Customer acknowledges that the Nexudus Platform has not been designed to process or manage special categories of personal data (as defined in the GDPR) or information of a similarly sensitive character regulated by applicable Data Protection Laws, and accordingly Customer shall ensure that any Personal Data uploaded to the Nexudus Platform does not contain such information, including Personal Data of children under 16 years of age. Nexudus will not have, and specifically disclaims any, liability that may result from Customer or any Authorised User collecting, processing or managing special categories of personal data via the Nexudus Platform.

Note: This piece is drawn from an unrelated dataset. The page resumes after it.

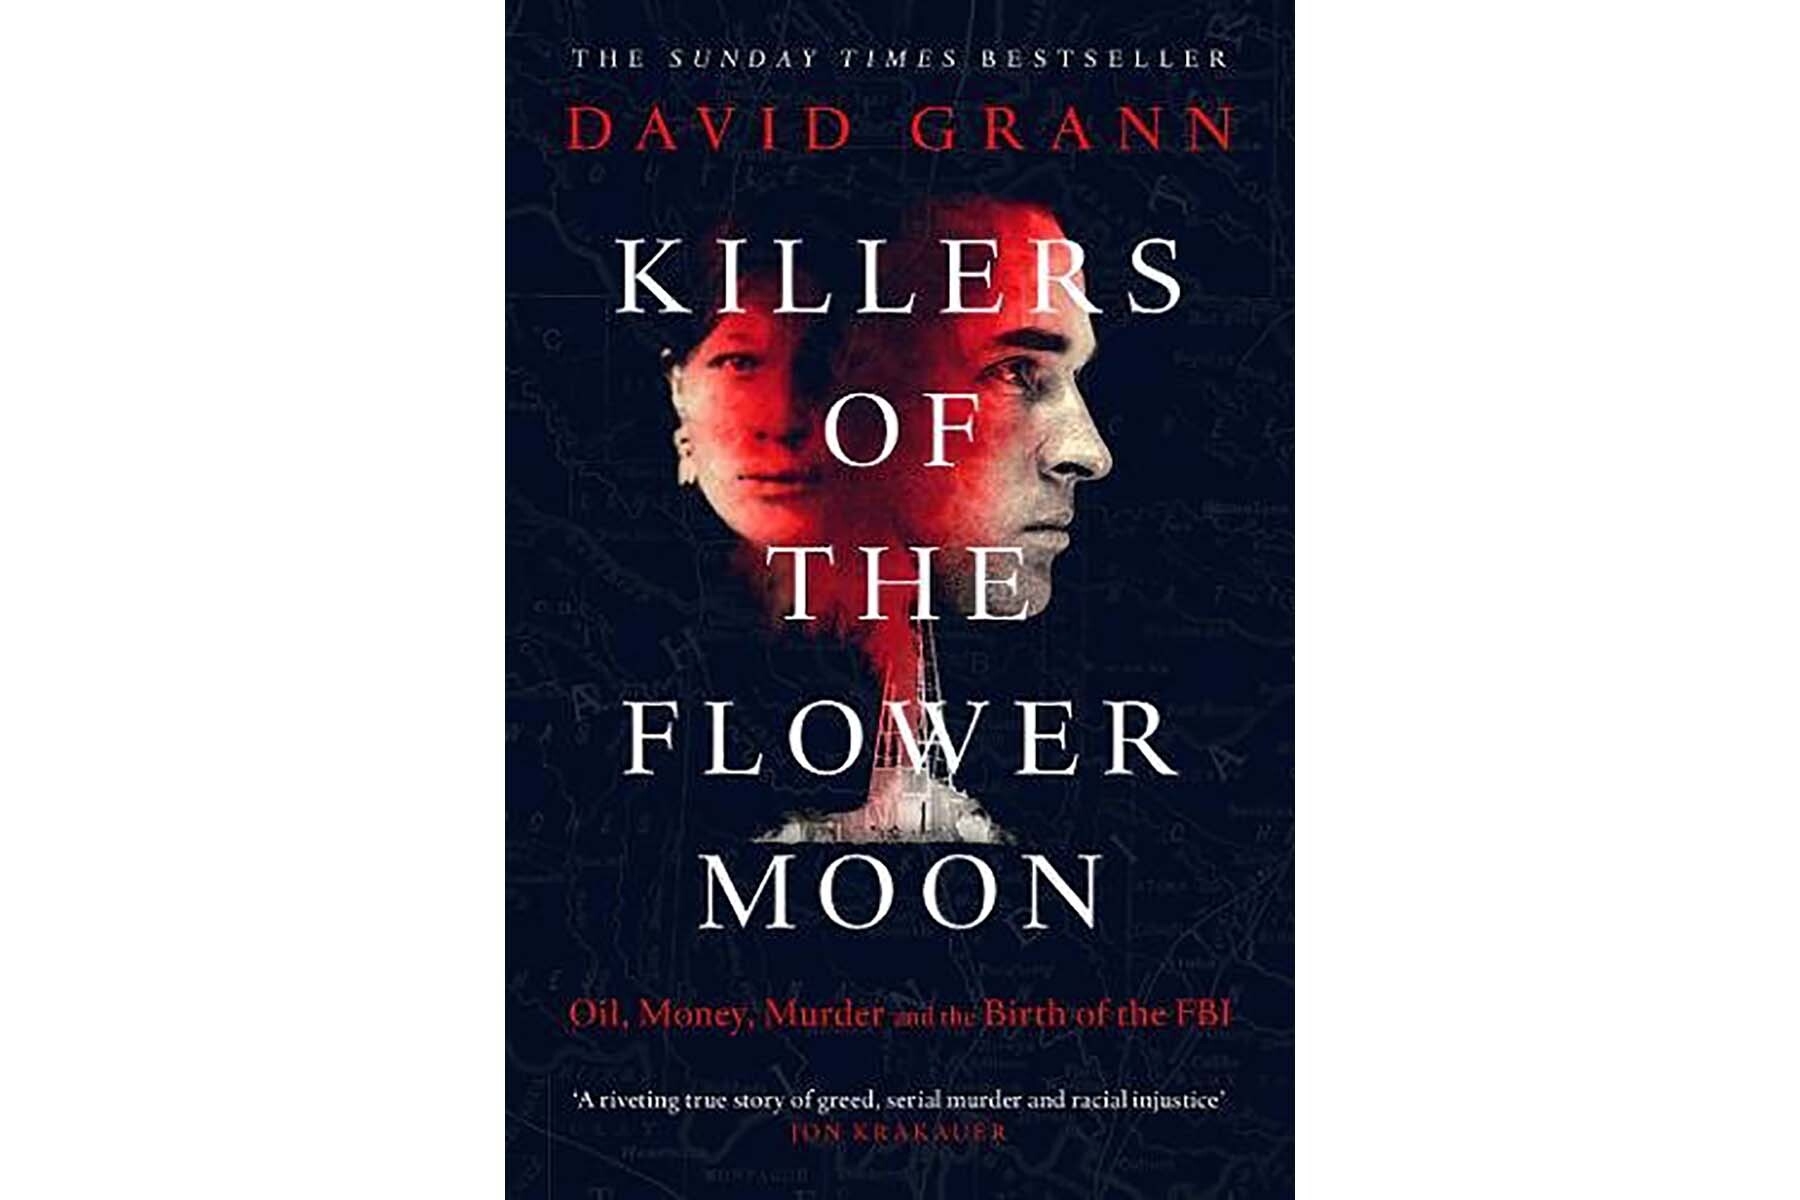 Book cover for "Killers of the Flower Moon" - a woman's face on the left, a man's profile on the right. Both faces have a red tone of them. The background is black, and title text is white. 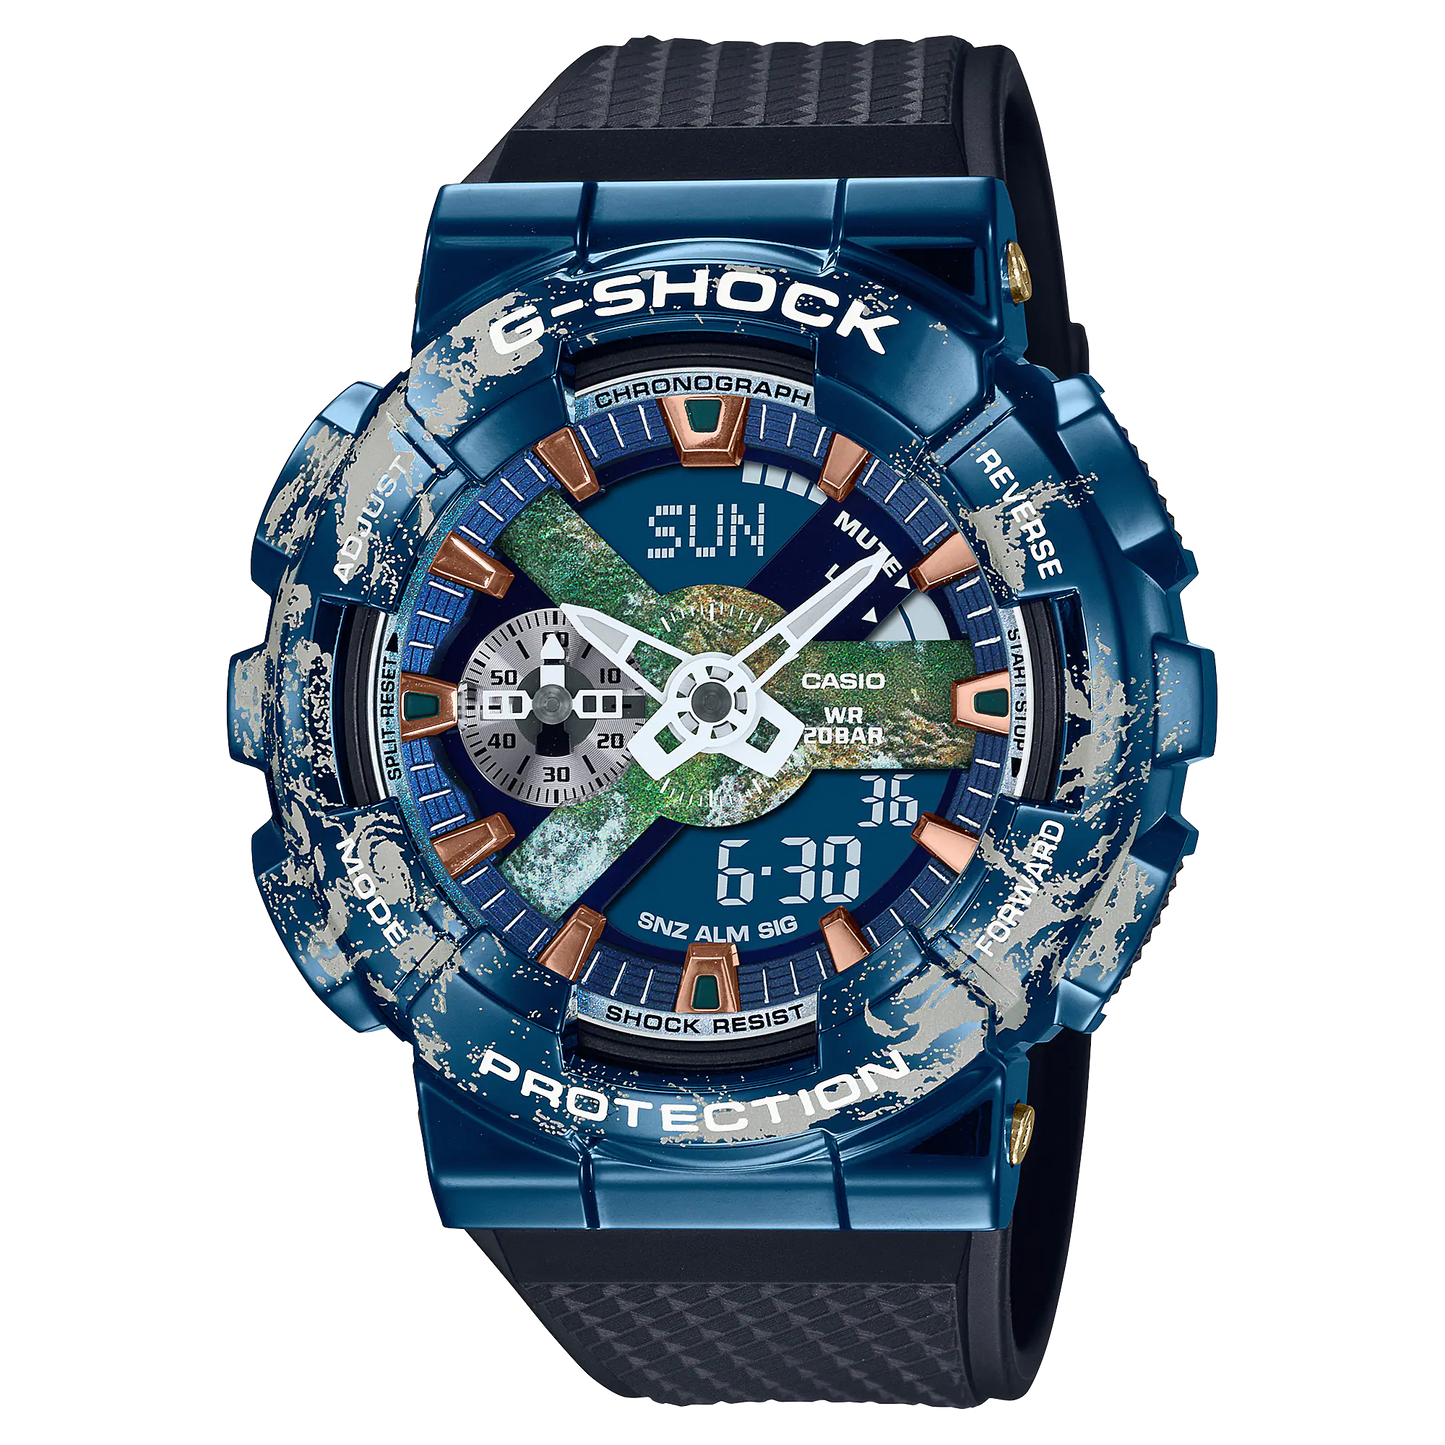 Casio G-Shock Metal Covered GM-110 Series Watch 'Planet Earth' xld

The categories of Data Subjects to whom the Personal Data relates
Nexudus may process Personal Data from Data Subjects of the following categories:
- Customer’s and Customer Affiliates’ customers / users
- Customer’s and Customer Affiliates’ prospective customers / users
- Visitors to Customer’s and Customer Affiliates’ premises
Any other Data Subjects referenced in any content uploaded by Customer or any Authorised User to the Nexudus Platform.
Authorised Subprocessors
Customer authorises Nexudus to appoint the Subprocessors listed at https://help.nexudus.com/docs/subprocessors.
Data retention
Nexudus will delete the Personal Data from its systems on expiry or termination of the Services in accordance with Paragraph 10 of the DPA.